ROANOKE TIMES

                         Roanoke Times
                 Copyright (c) 1995, Landmark Communications, Inc.

DATE: WEDNESDAY, December 15, 1993                   TAG: 9312150299
SECTION: EDITORIAL                    PAGE: A10   EDITION: METRO 
SOURCE: JOHN E. ANDERSON
DATELINE:                                 LENGTH: Medium


DON'T PIN HOPES ON AN ELUSIVE VACCINE FOR AIDS

REGARDING Paxton Davis' Dec. 3 column, ``Good intentions won't win the war against AIDS'':

It presented an excellent rationale as to why good intentions won't win the war against AlDS, but Davis should proceed further by emphasizing why the nature of AIDS, coupled with the good intentions of government, may impede a technical solution, and where, in fact, a technical solution may be impossible.

Vaccines don't cure people; people cure themselves. A vaccine merely trains the immune system to recognize a virus so the body can develop white blood cells and antibodies, which will rapidly destroy future virus and infected cells before they multiply. Vaccines are engineered from analysis of infected people who exhibit natural immunity, i.e., naturally survive an epidemic. The task is then just to engineer a vaccine that generates effective immunity without adverse side effects in people.

To date, there's no proven case of a person being exposed to HIV/AIDS where his body naturally recognized the virus to generate antibodies; and no one has survived. Rumors exist as to some cases in Africa. Spending vast sums to develop a vaccine before natural immunity is discovered for HIV may be as elusive as building a time machine to transport people to the 18th century. It might be wiser to apply more small sums, to just wait and search for a person whose immune system naturally recognized virus, developed white blood cells and antibodies, and/or cured the disease. From past experience, rather modest sums are then sufficient to engineer an effective vaccine. But even where natural immunity is significant and evident, as with the common cold, development of a universal vaccine may not be inexpensive.

The vast grants of the government generate a vast bureaucracy. This becomes an obstacle for the investor and independent scientist who is most apt to discover a solution. An investor with limited means, compared to the billions of dollars applied to the problem controlled by the government, is leery to risk both the chance that this scientist can indeed implement a good idea and also have it accepted by the government, a sole customer with a high ``not invented here'' factor. The probability for return on investment is much greater whenever another large competing investor is not committed. Hence, the person with a viable idea will probably not attract funds. New ideas are usually radical surprises. A scientist with the correct idea probably will not be viewed positively by the politically correct peer-review board awarding grants, if he's ever given exposure.

Presently, HIV/AIDS is at a science-and-research stage where ideas can occur anywhere, by anyone. The government has never shown proficiency at research. HIV/AIDS is far from an engineering project where scientists have concepts with experimental results. Even the Manhattan project wasn't science, but rather an engineering activity to establish the critical mass necessary to assure explosive fission and to package it into a bomb. Scientists had already established the concept of fission with accompanying experiments to verify that when uranium changed to different elements, energy was released.

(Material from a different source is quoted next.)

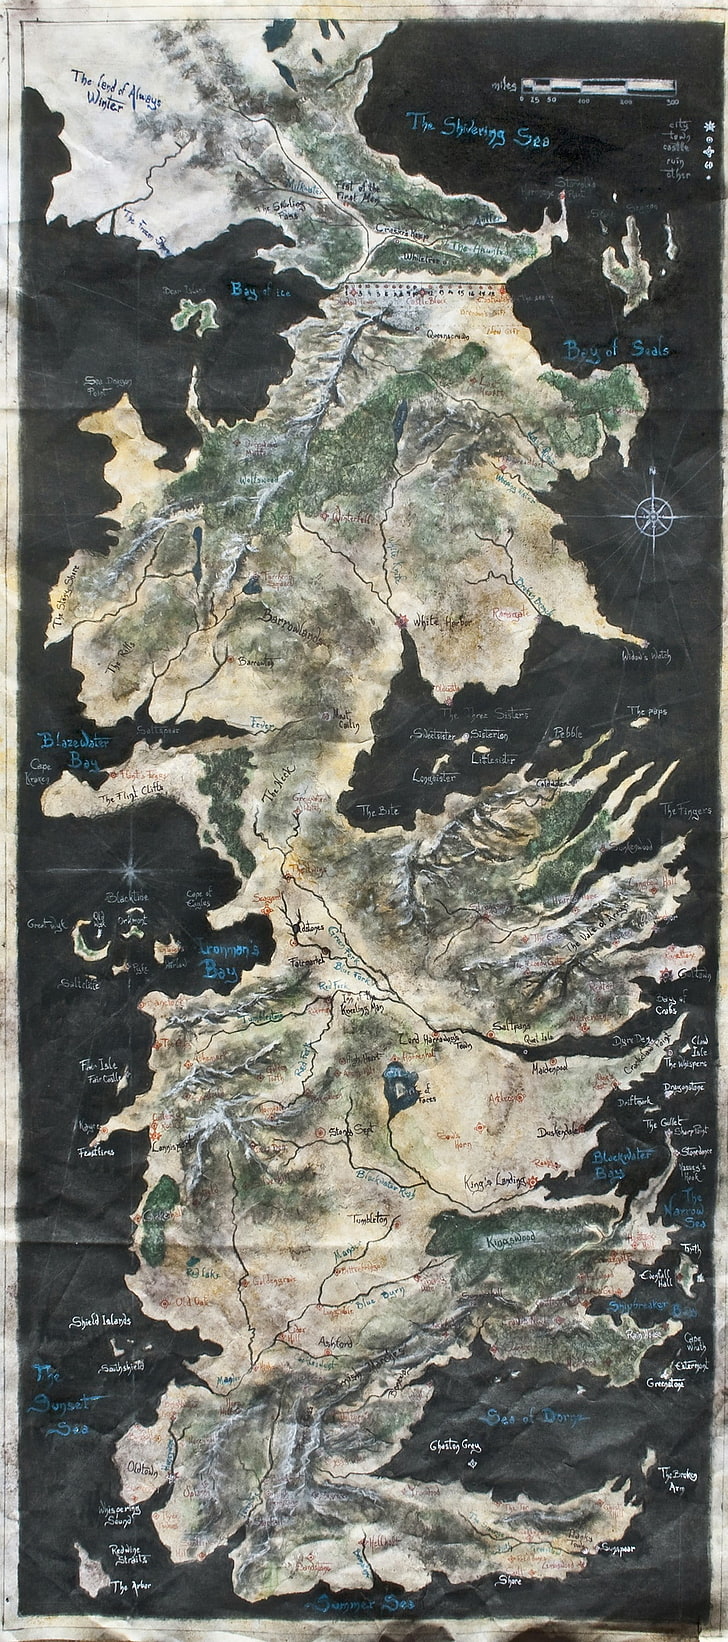 books maps game of thrones a song of ice and fire tv series westeros george r r martin 1330x300 Entertainment TV Series HD Art

HIV/AIDS also is an extremely small virus that can easily pass through nerve tissue into the brain. Normal virus immunity is accomplished in the bloodstream. Can a vaccine be developed that is safe to nerve tissue, and also be a sufficiently small molecule to pass through the membrane of the brain to fight HIV/AIDS there safely? Such small molecules are unique by themselves. Presently, an anesthesiologist must saturate the bloodstream of a person in order to force small amounts of poison through the brain membrane to cause unconsciousness. What side effects must a patient endure with an effective HIV/AIDS vaccine?

Possibly the only HIV/AIDS protection is here now. It's the responsible individual. Evolution will confirm survival of the fittest. HIV/AIDS is a self-limiting, controllable disease. It doesn't happen by chance, or accident. Certain peoples exhibit social behaviors that assure safety, and others use technical approaches, such as condoms, to minimize risk. HIV/AIDS is like Russian roulette. Observers, or people in the vicinity, may also be inadvertently shot. If one hopes to participate even as an outsider and survive, he or she must be serious and take sufficient precautions. Good intentions won't win the war! Neither will dreams for an elusive vaccine.

John E. Anderson is a consultant living in Blacksburg, and is a former research and development director for a pharmaceutical firm.